Among other traditional retailers, Claire’s Accessories is a retailer of accessories, jewellery, and toys primarily aimed towards young people. Claire’s Accessories has encountered various challenges in recent years, primarily due to the challenging economic environment and changing consumer preferences, among other factors. These obstacles have had a significant impact on the brand. The company’s operations were further impacted by the COVID-19 pandemic. Although faced with challenges, the brand has taken steps to adapt to the evolving retail environment. This includes expanding its online presence, concession partnership programs and implementing new initiatives to improve customer experience, leveraging social media platforms and influencer collaborations to engage with its target audience.  In addition, Claire’s commitment promotes reusable and eco-friendly products, which aligns with the increasing demand for environmentally friendly brands among consumers. The brand is working towards regaining its market position by investing in modernised digital infrastructure, improving supply chain efficiency, and exploring new market opportunities. These efforts are part of the brand’s ongoing transformation. The newly implemented Great Lake data repository supported by Data Vault architecture has revolutionised the brand’s data management and governance approach, empowering the multivariate teams to embrace a data-driven culture and self-service reporting. This has resulted in opening more interesting capabilities for data democratisation, improving the business’ ability to report on same-store metrics using the PowerBI self-service reporting tool. The current investment opportunities and business growth demand have resulted in the implementation of a Product Portfolio Management System necessary to ensure timely and appropriate product availability for the customer.
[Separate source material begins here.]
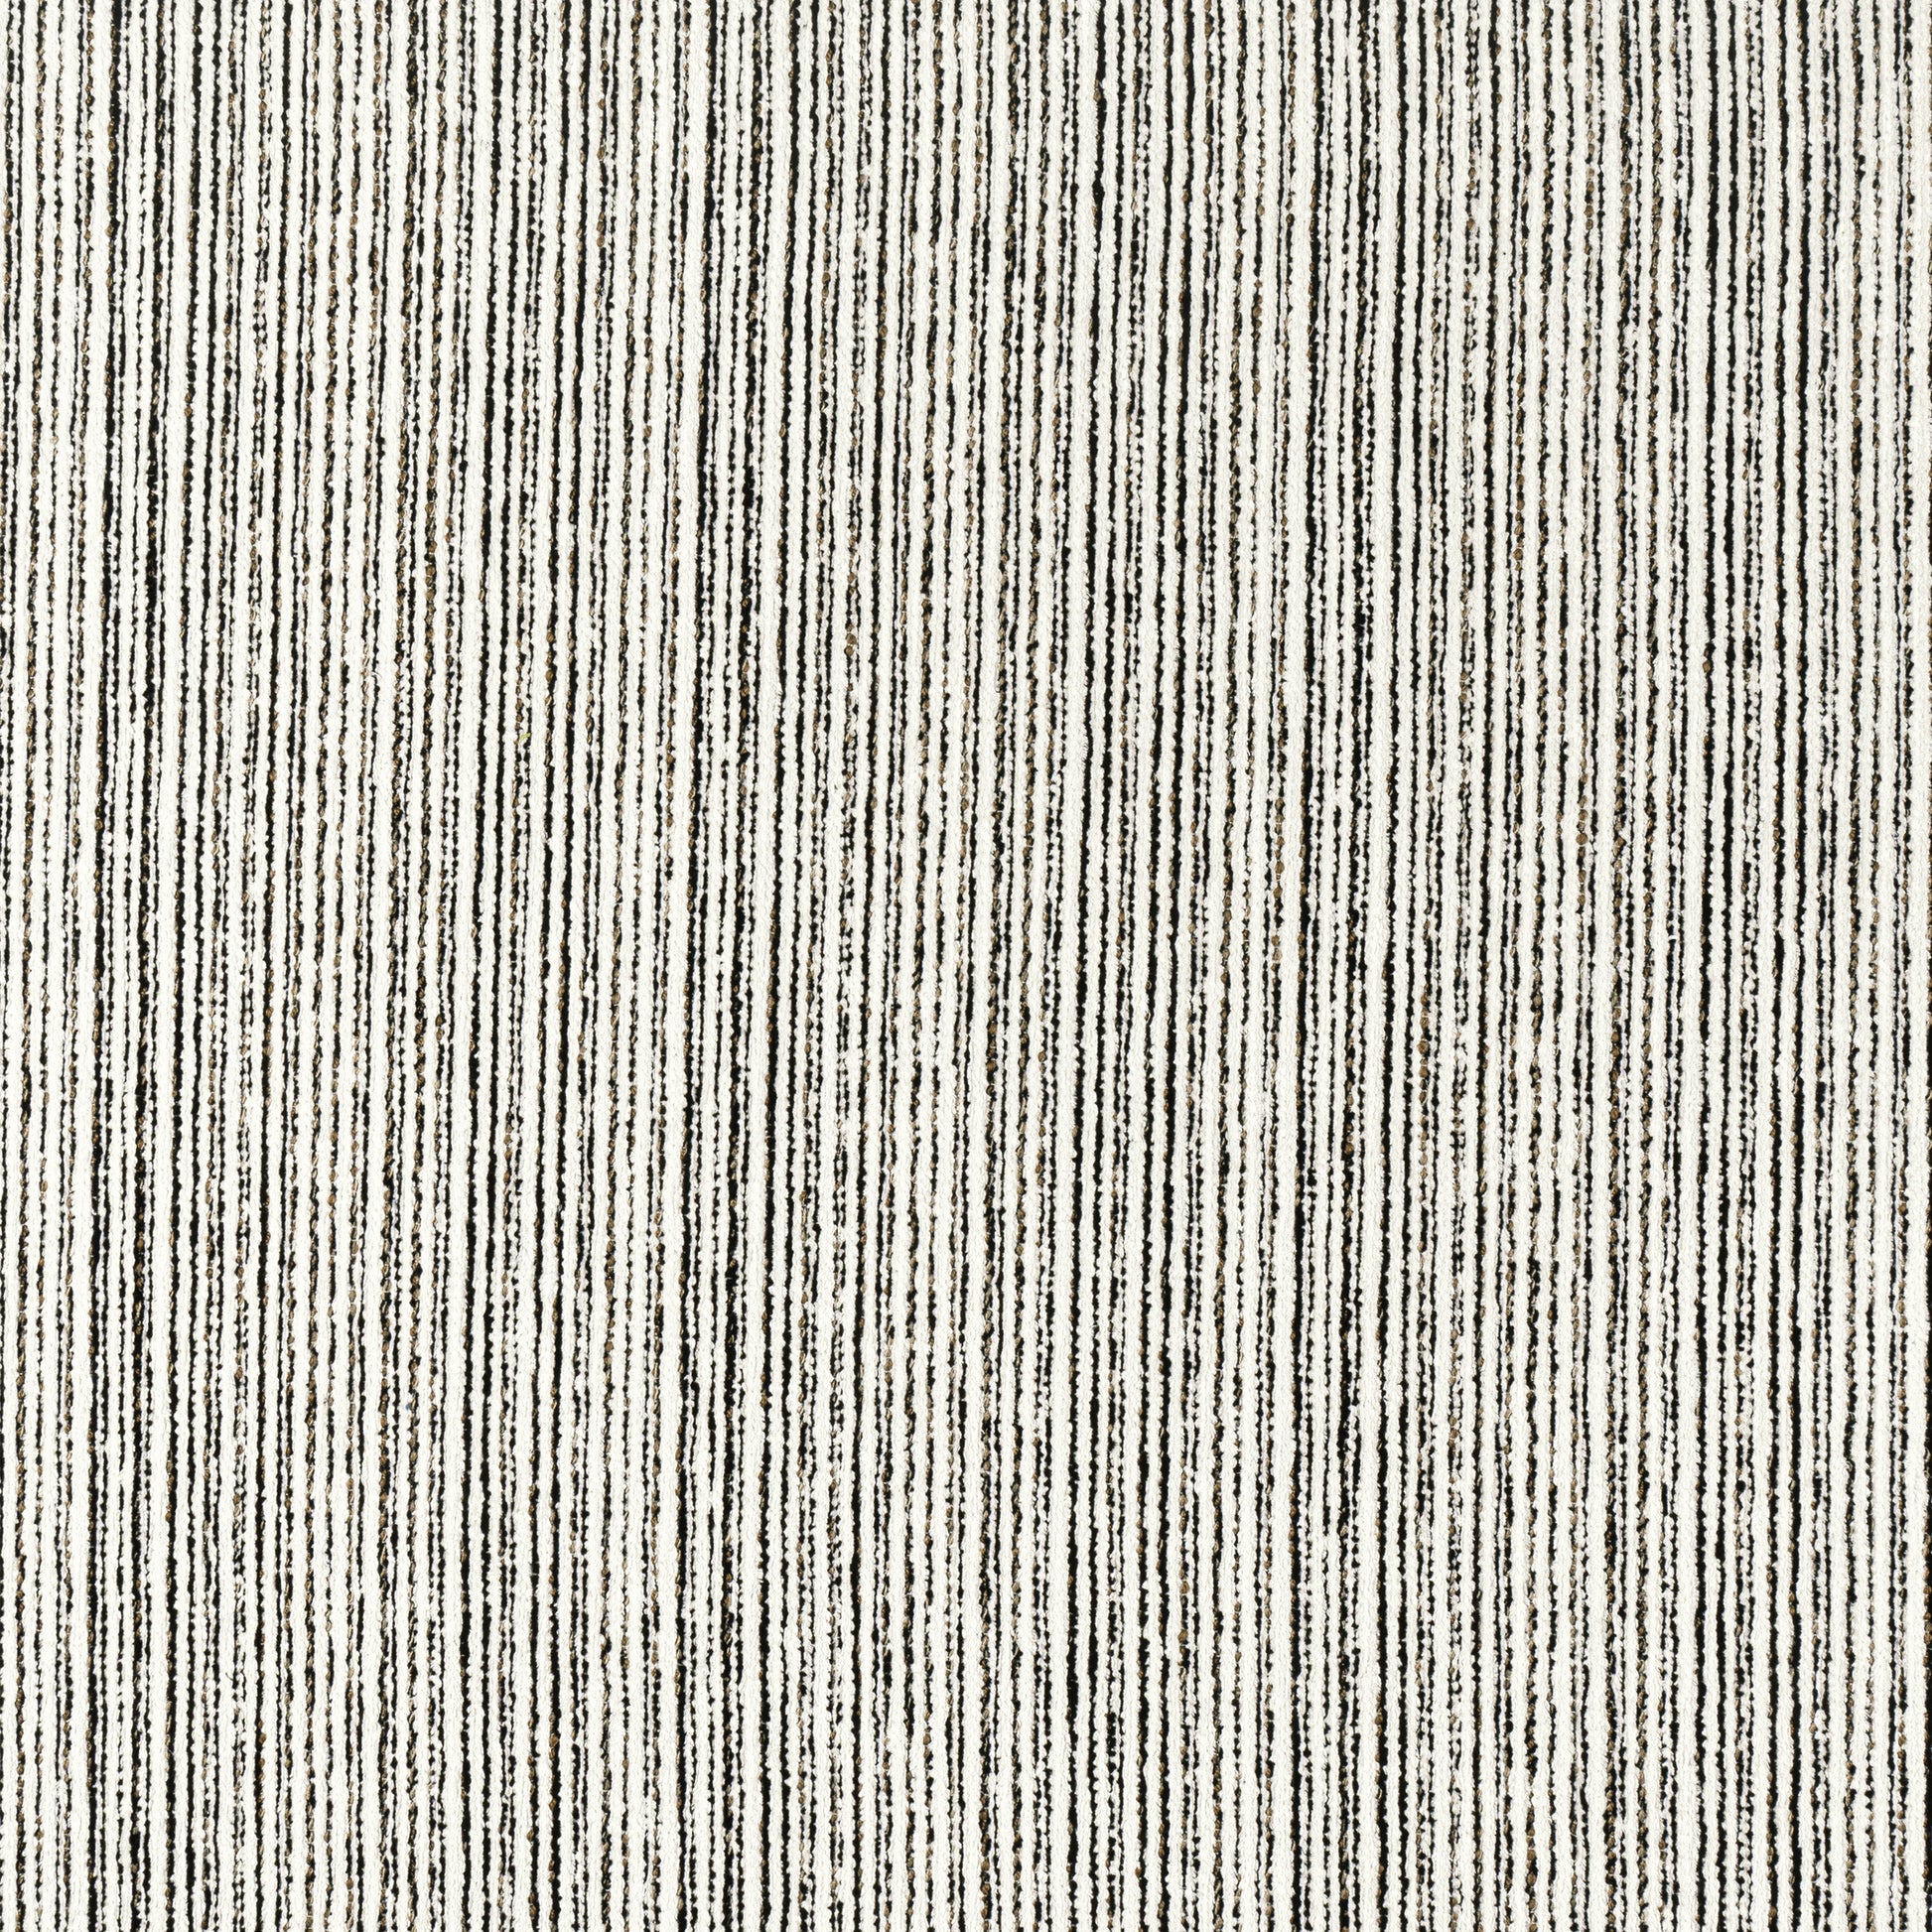 Purchase Thibaut Fabric Item# W8807 pattern name Zia Stripe color Ebony

 In conclusion, same-store sales (SSS) is an invaluable metric in the retail industry, enabling retailers to assess the performance of their established stores, identify sales-influencing factors, and make well-informed decisions for future expansion. In today’s dynamic retail landscape, with the rise of e-commerce and shifting consumer preferences, SSS metrics have become increasingly vital for retailers to adapt, stay relevant, and maintain competitiveness.

 Amidst these challenges, Claire’s Accessories stands unwavering in its commitment to delivering trendy and affordable fashion accessories to its loyal customer base. Above all, Claire’s Accessories is recognised as a growth-oriented and innovative company, prioritising brand scaling, efficiency, and forward-thinking strategies.